My friends were going on to a bar but Not With My Sister was due to play at 2am. We were booked with three other bands for the Flatline New Year’s Eve Party. Flatline was Istanbul’s capital of grunge: on the bill tonight were Lemmings, Cockroach, Not With My Sister and Indians. We were a sort of collective of bands, all interconnected, sharing musicians and ready to stand in for each other in cases of illness or missing bass player.

I pushed through to the edge of the crowd and headed down towards İnönü Stadium where I might get a taxi. I saw people I knew. Their plans all seemed to involve being at Flatline at some time of the evening. It took time to navigate the sociable crush. I would probably be late but it had never mattered before. I found a taxi at the bottom of the hill and we nosed into the hooting but, for once, happy gridlock.

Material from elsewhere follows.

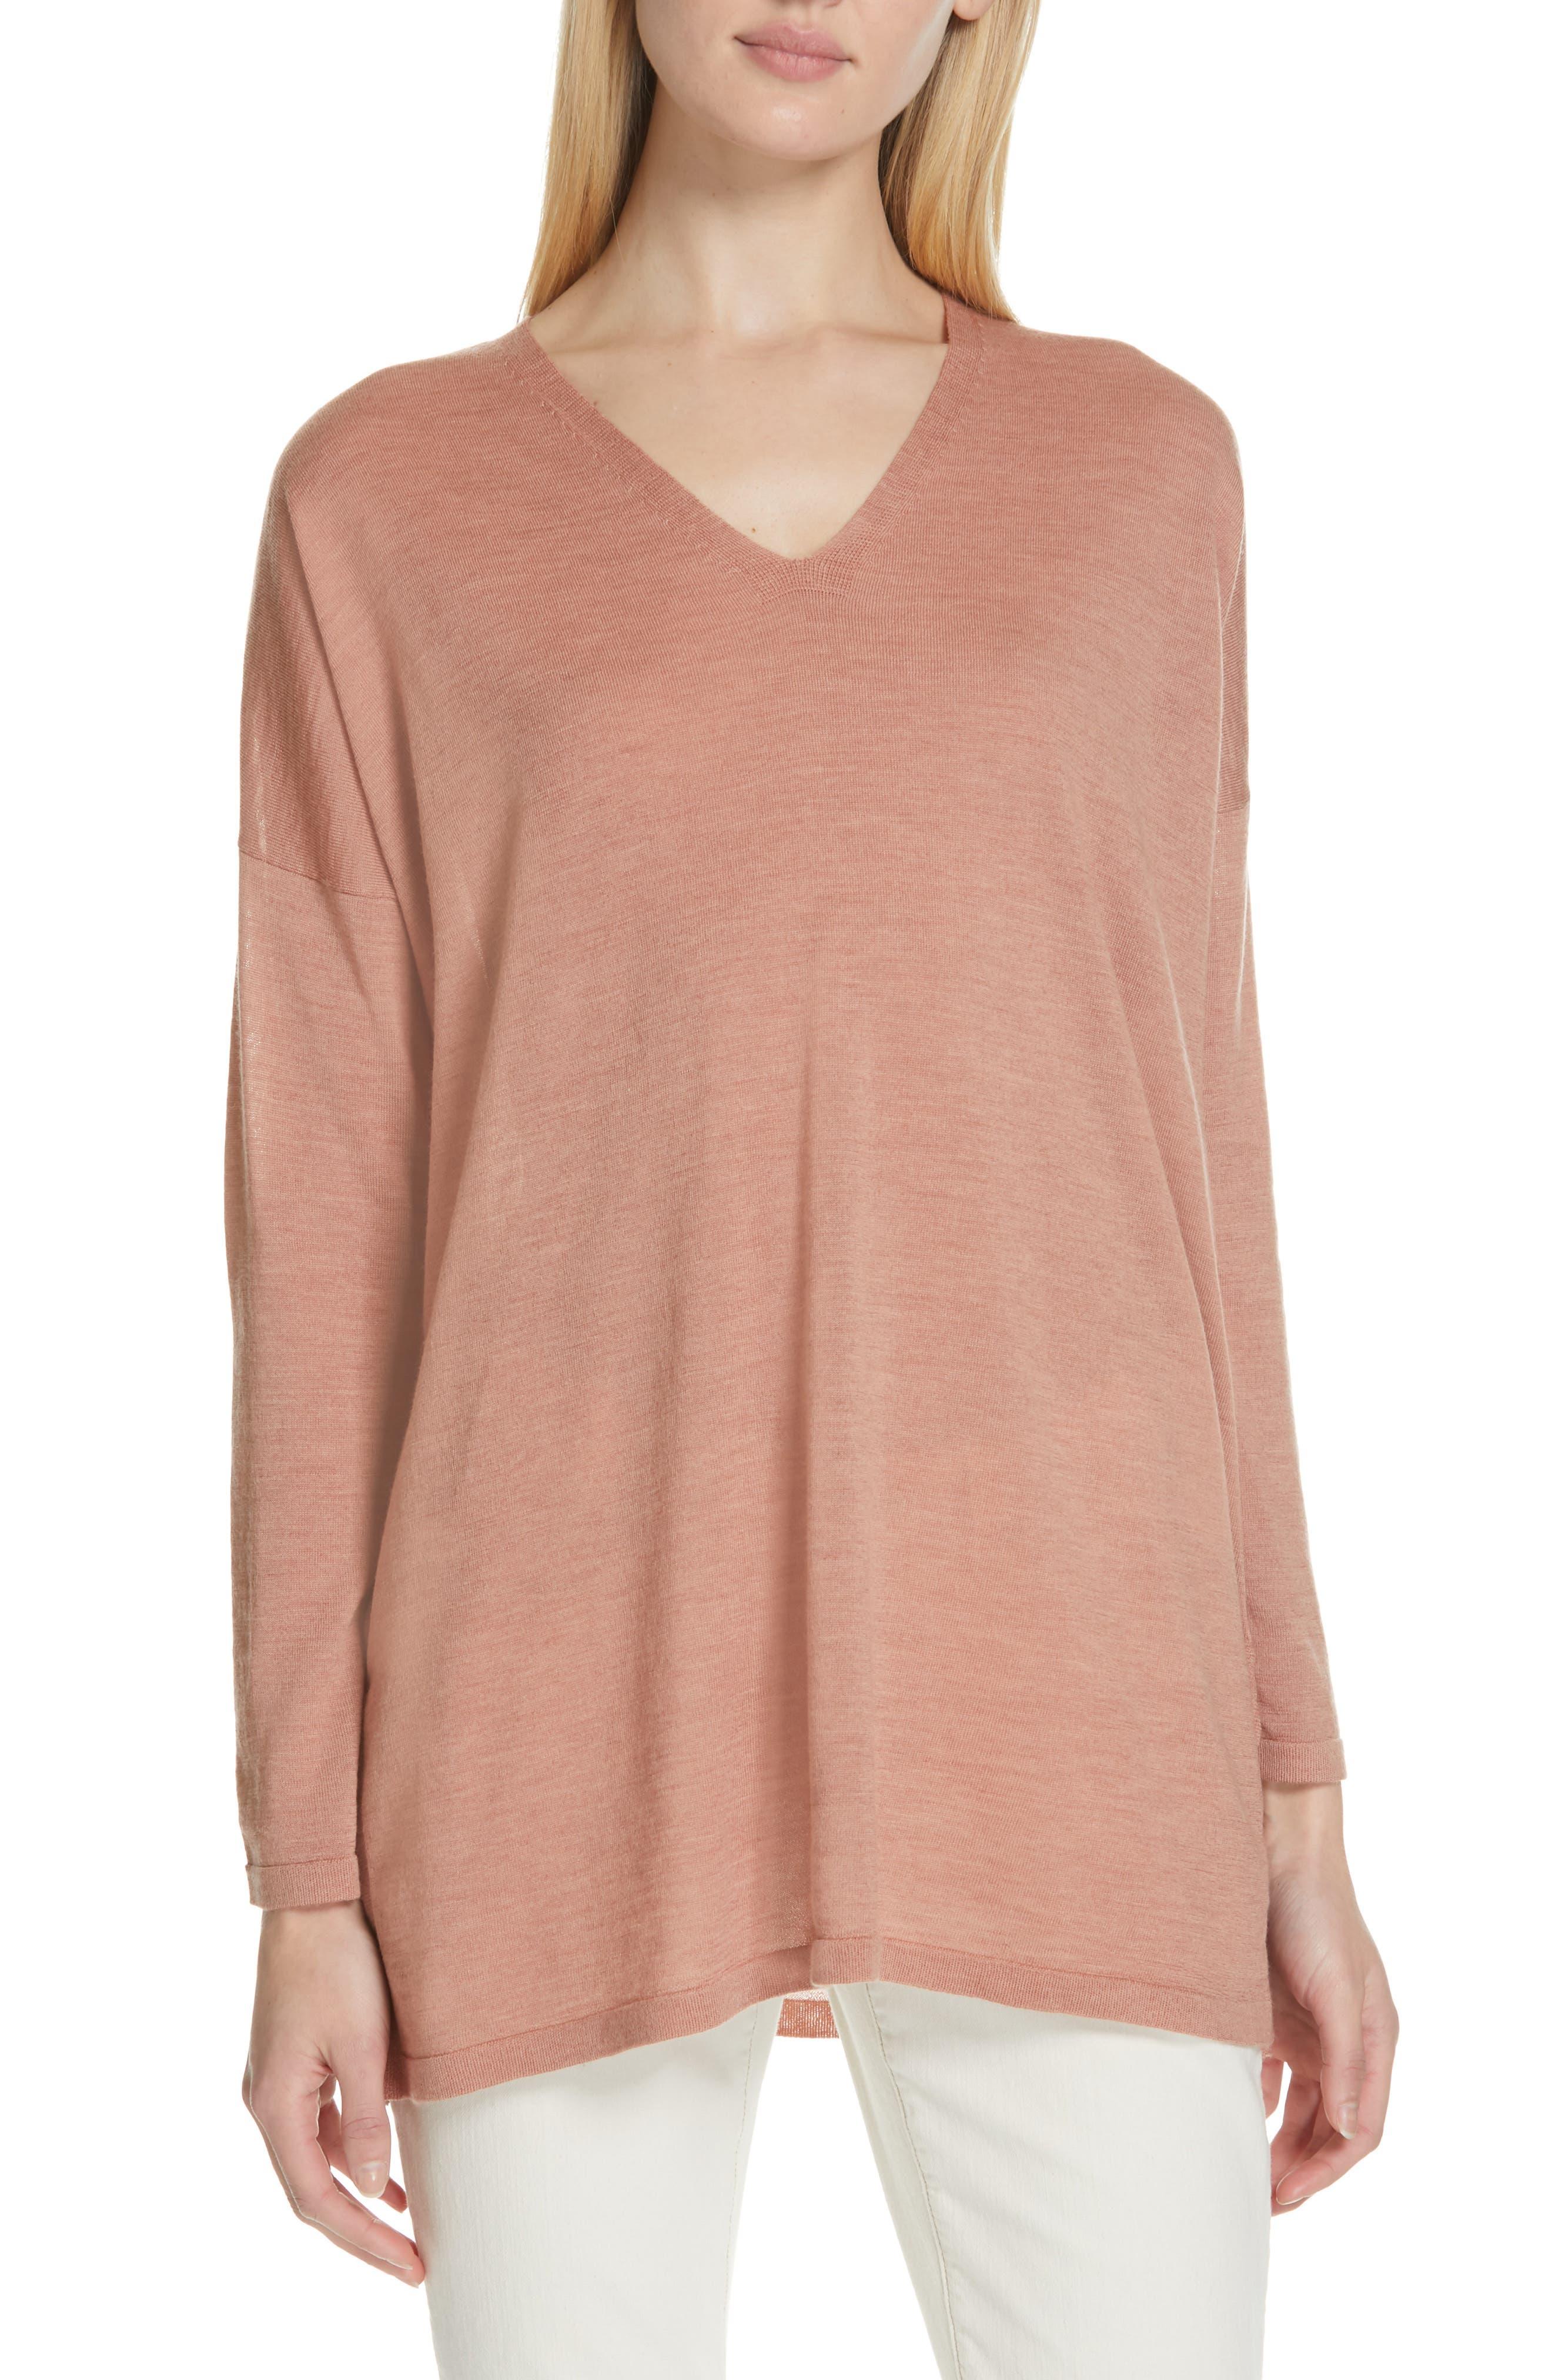 Eileen Fisher Merino Wool Tunic Sweater, Beige
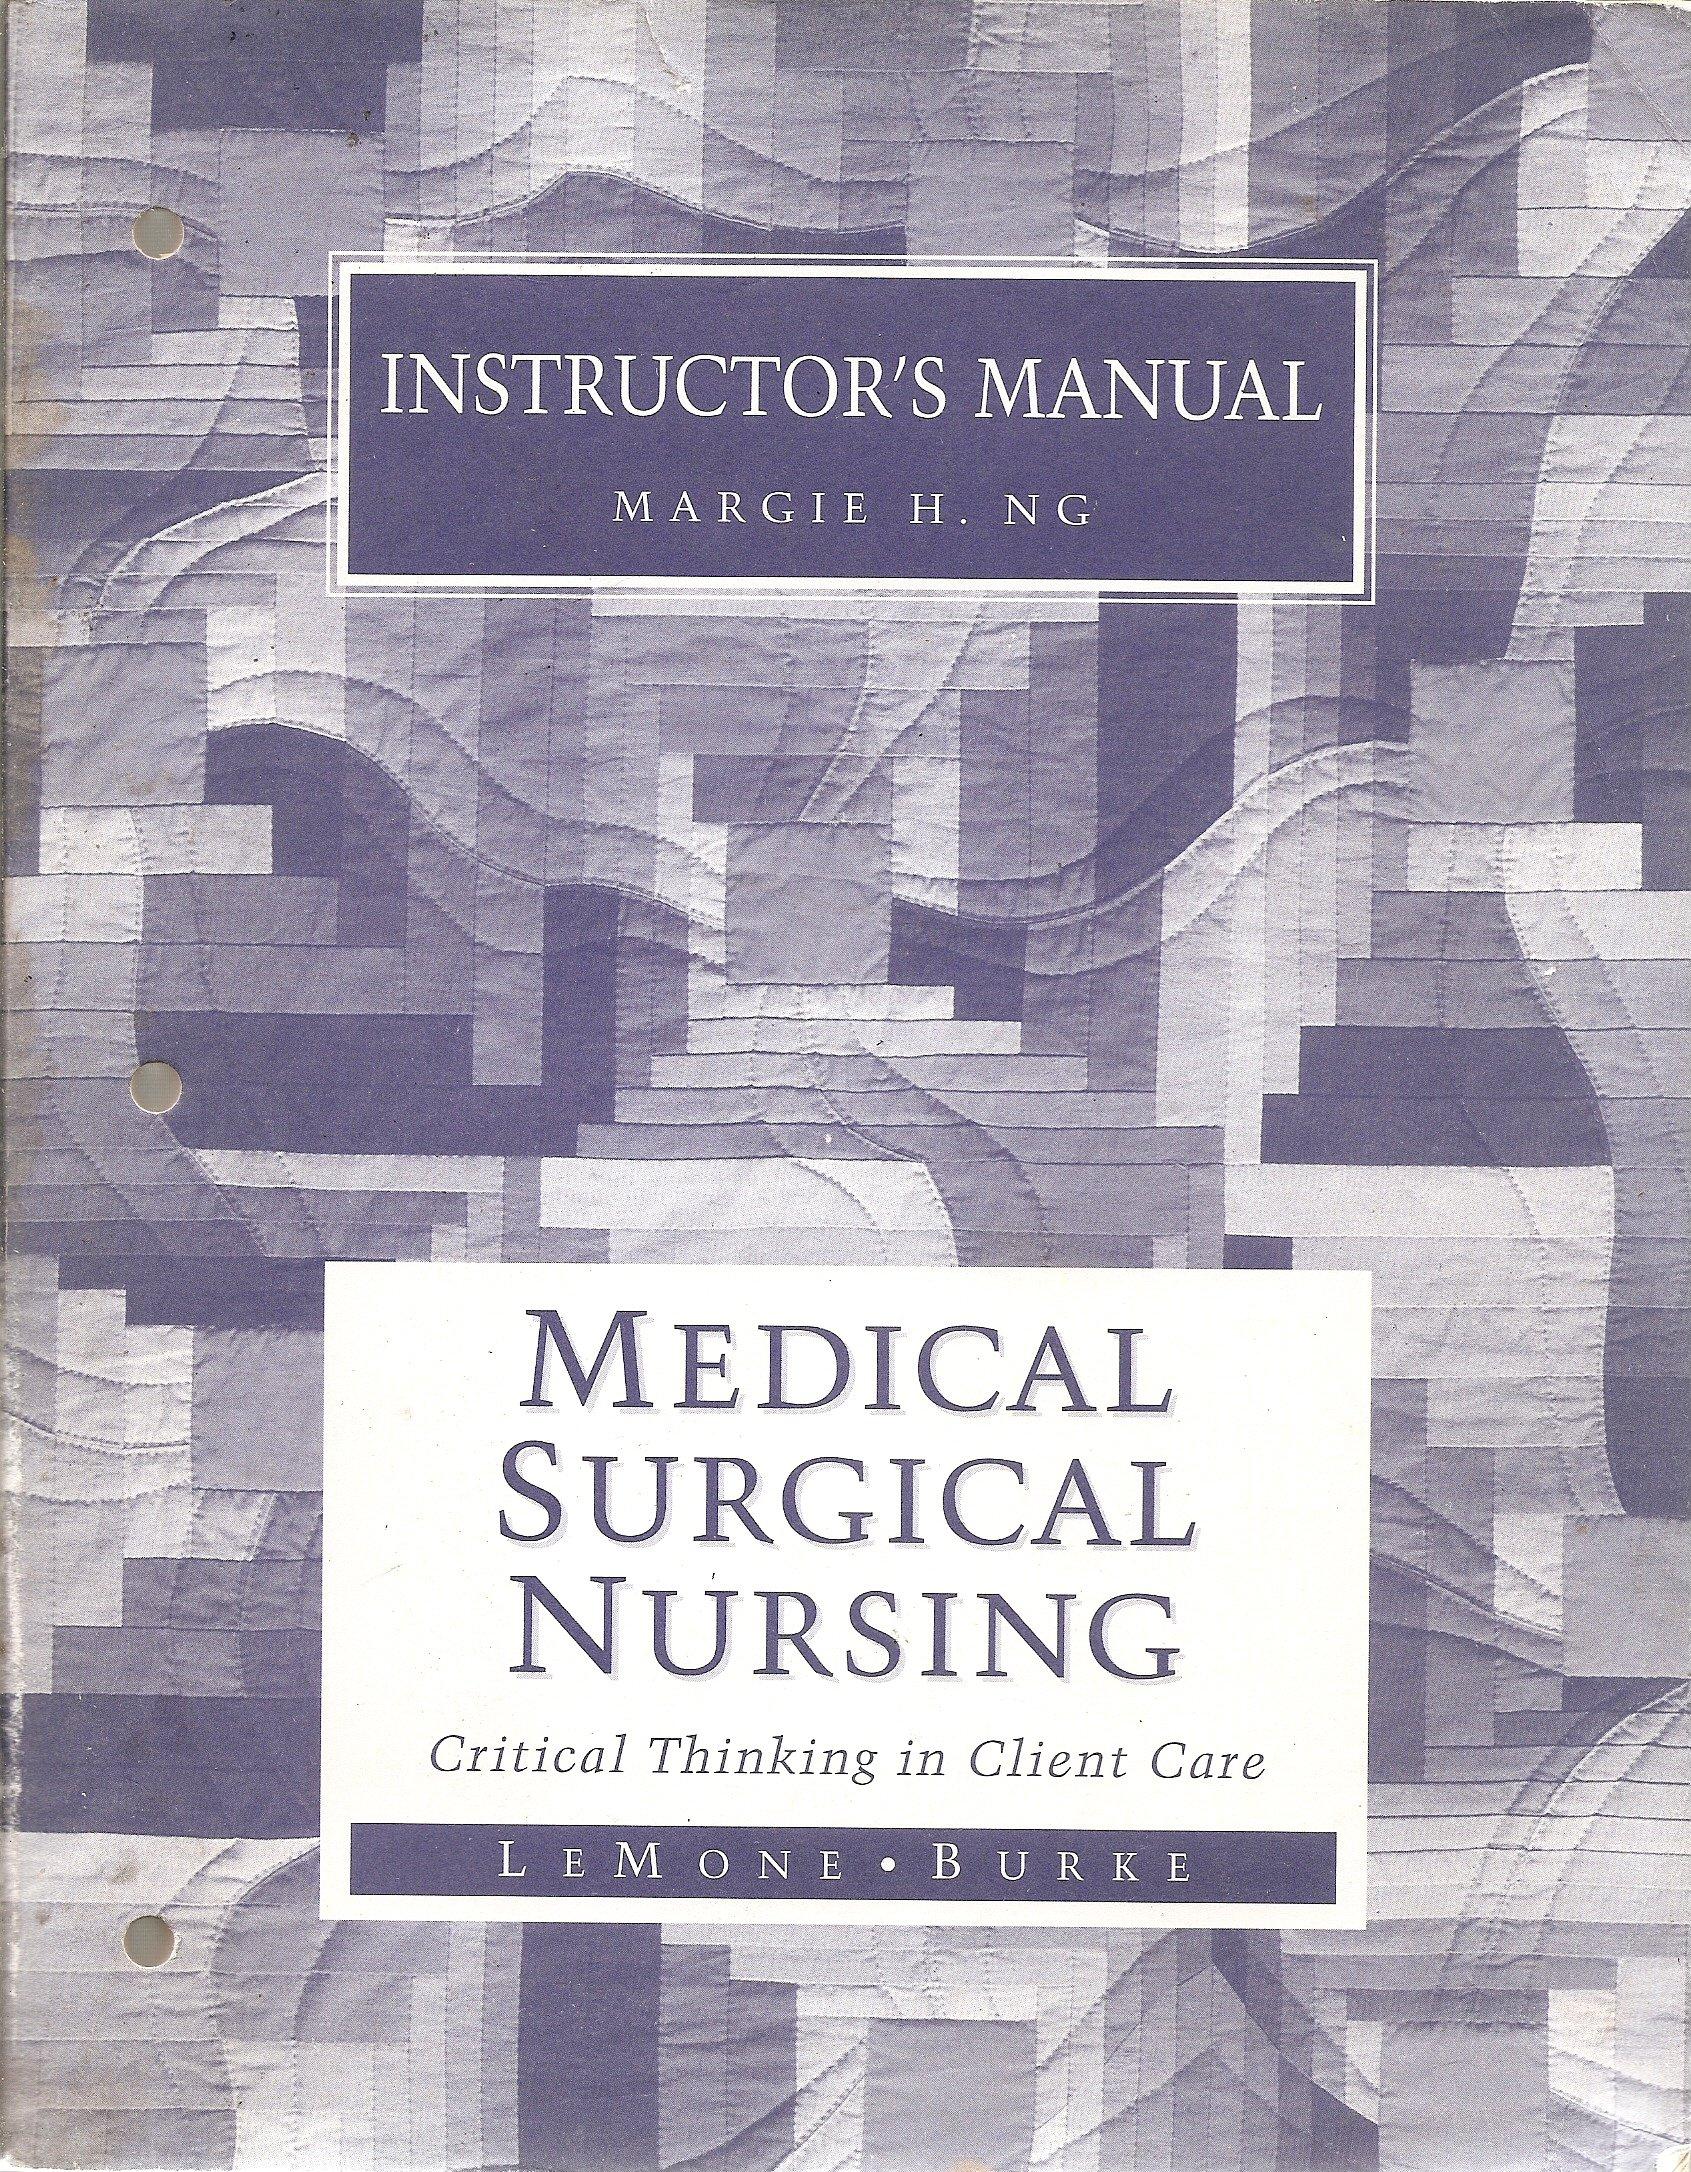 Instructors Manual to Medical Surgical Nursing: LEMONE: 9780805340778:  Amazon.com: Books

After twenty minutes, we hadn’t moved so I paid off the driver and walked into Ortaköy. It was unusually mild for New Year and the crowd outside Flatline was smoking, drinking and making itself heard, something that couldn’t be done inside.

Sis Bar, Ortaköy

Sis Bar, Ortaköy

Not With My Sister’s first gig was in 1994, at a small bar in Ortaköy. This was Abstrakt, newly opened and fitted out with a décor of serrated, arc-welded slab steel. My natural habitat. I wasn’t really prepared. I knew the songs and had all the vocal tricks down well. It was a few months since I had performed and Ortaköy was a new and cutting-edge entity for me. Still. I was fronting what I was certain would be a force in the music scene and the fretted decoration was eminently climbable.

We crashed into the first song. The sound was a bit off so I covered with more screaming than usual. That went down well. By the time our sound guy had the levels right, people were coming in off the trendy craft-market area to find out what the noise was. I had an audience. My Turkish was awful so I didn’t have much between-song patter to hold the audience while my bandmates did the endless tuning and effects adjusting that they said was necessary.

So I started climbing and singing. Thank the lord for cordless microphones. After a few seconds, I was on top of a saw-bladed booth partition staring down at some startled couples and howling ‘New York, New York’ at them. That seemed to go down well. Everything went down well. If I partitioned my sense of reality off and just did what my mischievous little inner child suggested, I could get away with anything.

This set the tone for my performance for the next decade.

Ortaköy itself was heaving. There were no enforceable licensing regulations on New Year’s Eve. The traffic was less good-natured here, with most people trying to get home after their family gatherings. Children were sleeping in cars and the periods of immobility were so long that drivers were dozing off too. Occasionally there would be a fresh burst of hooting as a car moved a length forward. The horns would wake the rest of the drivers up and the whole Tetris grid would adjust again.

I shoved through the people into Flatline. The temperature and humidity rose sharply as I moved inside. So did the volume. It took me a while to get used to the noise and darkness. I began to recognise people and sounds. The band was Lemmings. They were supposed to finish at midnight. It was after two. I passed by the bar and got a drink. There was an air of anarchy that I wasn’t used to in Flatline. It felt as if something was going to happen. I wandered up to the stage and joined a clump of musicians. They told me that there had been some kind of electrical problem. Lemmings had started late and they were likely to be playing for another hour.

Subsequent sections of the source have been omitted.